### Extracted data entries

===============

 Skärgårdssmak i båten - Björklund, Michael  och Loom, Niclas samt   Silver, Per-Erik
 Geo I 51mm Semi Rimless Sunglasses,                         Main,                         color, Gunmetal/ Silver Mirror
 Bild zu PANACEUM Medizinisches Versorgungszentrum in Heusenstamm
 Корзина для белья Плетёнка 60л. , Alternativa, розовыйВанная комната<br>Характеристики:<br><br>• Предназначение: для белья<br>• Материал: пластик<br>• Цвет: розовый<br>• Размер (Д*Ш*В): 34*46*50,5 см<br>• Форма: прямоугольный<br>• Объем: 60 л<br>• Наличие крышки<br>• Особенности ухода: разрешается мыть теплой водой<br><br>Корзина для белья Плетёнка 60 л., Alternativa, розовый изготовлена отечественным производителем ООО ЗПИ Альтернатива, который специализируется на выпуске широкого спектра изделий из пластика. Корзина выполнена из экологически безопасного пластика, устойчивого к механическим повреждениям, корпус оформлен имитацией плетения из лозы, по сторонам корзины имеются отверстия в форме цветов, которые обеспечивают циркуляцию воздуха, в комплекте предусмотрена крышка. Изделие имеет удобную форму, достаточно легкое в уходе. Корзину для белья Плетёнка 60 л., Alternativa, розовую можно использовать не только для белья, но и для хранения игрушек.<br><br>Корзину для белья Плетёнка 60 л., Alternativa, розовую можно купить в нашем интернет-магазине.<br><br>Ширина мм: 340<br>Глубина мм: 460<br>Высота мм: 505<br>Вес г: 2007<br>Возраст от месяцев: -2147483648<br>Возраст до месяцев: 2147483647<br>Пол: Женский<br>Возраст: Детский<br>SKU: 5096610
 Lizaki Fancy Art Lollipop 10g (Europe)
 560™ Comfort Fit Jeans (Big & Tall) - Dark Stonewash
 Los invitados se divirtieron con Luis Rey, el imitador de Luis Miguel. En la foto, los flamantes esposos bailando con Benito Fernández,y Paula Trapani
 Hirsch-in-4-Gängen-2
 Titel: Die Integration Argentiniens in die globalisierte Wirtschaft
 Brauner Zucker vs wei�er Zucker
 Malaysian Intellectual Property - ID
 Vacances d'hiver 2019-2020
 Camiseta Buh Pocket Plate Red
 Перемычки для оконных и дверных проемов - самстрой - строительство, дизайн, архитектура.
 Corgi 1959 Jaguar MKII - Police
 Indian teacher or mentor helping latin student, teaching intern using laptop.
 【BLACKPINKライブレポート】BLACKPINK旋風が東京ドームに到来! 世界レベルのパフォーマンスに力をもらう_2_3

===============

### Action item
Each line of the data has to be written out exactly as it appears.

### Exercise response
 Skärgårdssmak i båten - Björklund, Michael  och Loom, Niclas samt   Silver, Per-Erik
 Geo I 51mm Semi Rimless Sunglasses,                         Main,                         color, Gunmetal/ Silver Mirror
 Bild zu PANACEUM Medizinisches Versorgungszentrum in Heusenstamm
 Корзина для белья Плетёнка 60л. , Alternativa, розовыйВанная комната<br>Характеристики:<br><br>• Предназначение: для белья<br>• Материал: пластик<br>• Цвет: розовый<br>• Размер (Д*Ш*В): 34*46*50,5 см<br>• Форма: прямоугольный<br>• Объем: 60 л<br>• Наличие крышки<br>• Особенности ухода: разрешается мыть теплой водой<br><br>Корзина для белья Плетёнка 60 л., Alternativa, розовый изготовлена отечественным производителем ООО ЗПИ Альтернатива, который специализируется на выпуске широкого спектра изделий из пластика. Корзина выполнена из экологически безопасного пластика, устойчивого к механическим повреждениям, корпус оформлен имитацией плетения из лозы, по сторонам корзины имеются отверстия в форме цветов, которые обеспечивают циркуляцию воздуха, в комплекте предусмотрена крышка. Изделие имеет удобную форму, достаточно легкое в уходе. Корзину для белья Плетёнка 60 л., Alternativa, розовую можно использовать не только для белья, но и для хранения игрушек.<br><br>Корзину для белья Плетёнка 60 л., Alternativa, розовую можно купить в нашем интернет-магазине.<br><br>Ширина мм: 340<br>Глубина мм: 460<br>Высота мм: 505<br>Вес г: 2007<br>Возраст от месяцев: -2147483648<br>Возраст до месяцев: 2147483647<br>Пол: Женский<br>Возраст: Детский<br>SKU: 5096610
 Lizaki Fancy Art Lollipop 10g (Europe)
 560™ Comfort Fit Jeans (Big & Tall) - Dark Stonewash
 Los invitados se divirtieron con Luis Rey, el imitador de Luis Miguel. En la foto, los flamantes esposos bailando con Benito Fernández,y Paula Trapani
 Hirsch-in-4-Gängen-2
 Titel: Die Integration Argentiniens in die globalisierte Wirtschaft
 Brauner Zucker vs wei�er Zucker
 Malaysian Intellectual Property - ID
 Vacances d'hiver 2019-2020
 Camiseta Buh Pocket Plate Red
 Перемычки для оконных и дверных проемов - самстрой - строительство, дизайн, архитектура.
 Corgi 1959 Jaguar MKII - Police
 Indian teacher or mentor helping latin student, teaching intern using laptop.
 【BLACKPINKライブレポート】BLACKPINK旋風が東京ドームに到来! 世界レベルのパフォーマンスに力をもらう_2_3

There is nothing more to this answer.